Showing posts with label craze. Show all posts
Showing posts with label craze. Show all posts

29 August 2013

VENUS

my evenings in summer. I couldn't smoke at Kari's when I lived there so I found the clubhouse. when I'd ask people if they wanted to come there they'd say yes and we'd zigzag sharp upthe hill through the sages and past mellow pink & graygreen donkeytail succulents and we'd wedge our ankles into seats to prop us on, and they'd say, I thought there would be an actual house, here. I loved it at sunset 10:30 at the tip of summer mountain standard time, when up & to the right there'd be glowing venus. I can do anything I want to now, here, so I sit on the balcony in the trunk of summer at sunset around 8:07 central standard time and up to the right there, thar she glows. familiar as ever. if I were in Idaho still I might lament that the trunk of summer radiates nervously, that days shorten at not my wanting, for I've no doubt the same sun sets there, too.
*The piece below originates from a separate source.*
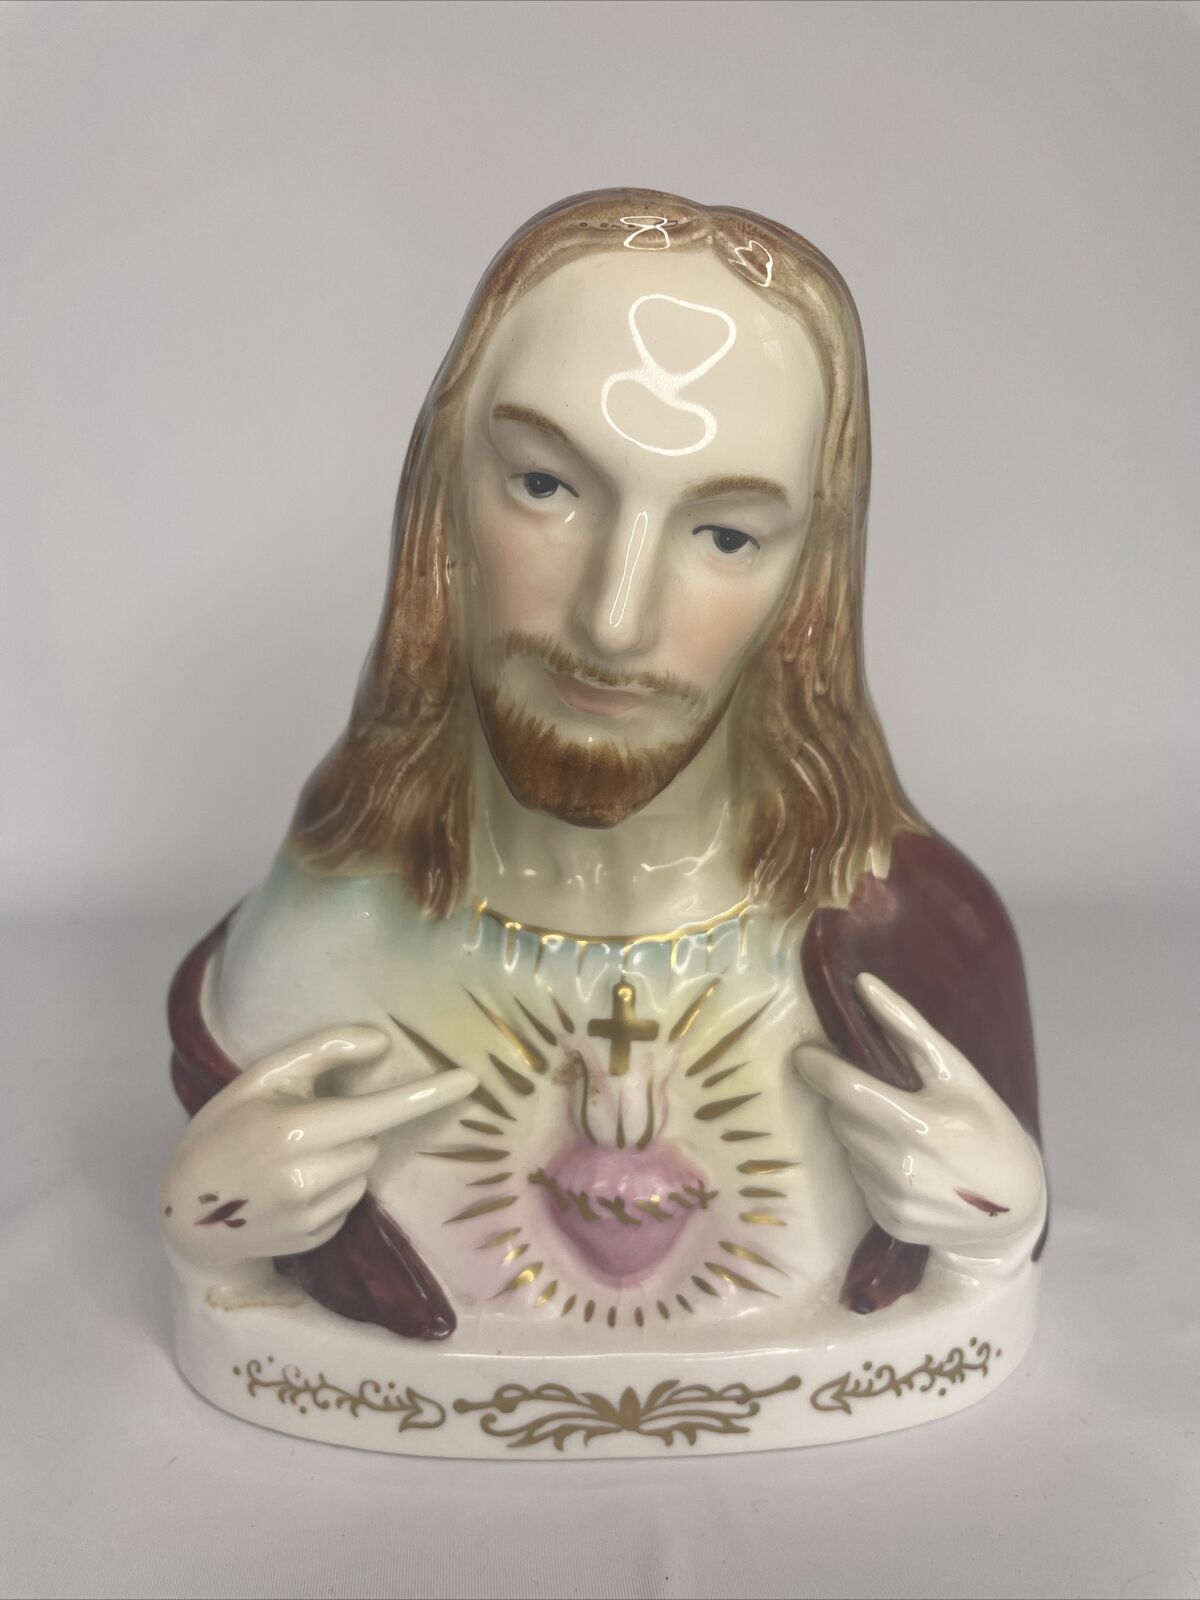 Vintage 1950s Napco Giftcraft Sacred Heart Jesus Porcelain Bust Statue Figure 6”

I share a timezone with you. doesn't that craze me? meaning makes me crazy. I'll always think of the sultry air surrounding me at this moment, forever I know it. I might not ever quit at saying so. time changes, my zoning mutates. but I've my forever promises & my familiar footholds in any muting sky of summernight. I'll die with some imprint of a silhouetted palm behind eyelid quakes.
there be no doubt in that.

18 June 2013

ammmn't, anymore

one pack a day on some summer night! I am sorry I tried that, I have hundreds of unfinished paragraphs. what day is it, even? trying to count in evens. I think we're at 45. all of my relationships are mountains. I don't like some of your names. I like mine own. a bull charging at me, charge me. I slept with the one who broke my heart for years. I was a whole person, again and I thought I'd never be. I said inside voiced, I guess you'll own me forever. I would do anything you say. I would move to chicago instantly at your urge. ready to be destroyed again. but of course, I am bigger than I thought. big enough to brush away memory shines, pull out the splinters. lamenting at seven whole years passed. you're not a matter-to-me, I'm glad I'm on the internet where you'd never think to look for me. I'm alright with your living, our earlymorning why not. I didn't tell you anything, and you faded like time makes. my hair still grows, I still sustain a body. the craze wanders, dissipates. but we must have known when we started, again. smoke a pack to your face and die of young too-much, much too young.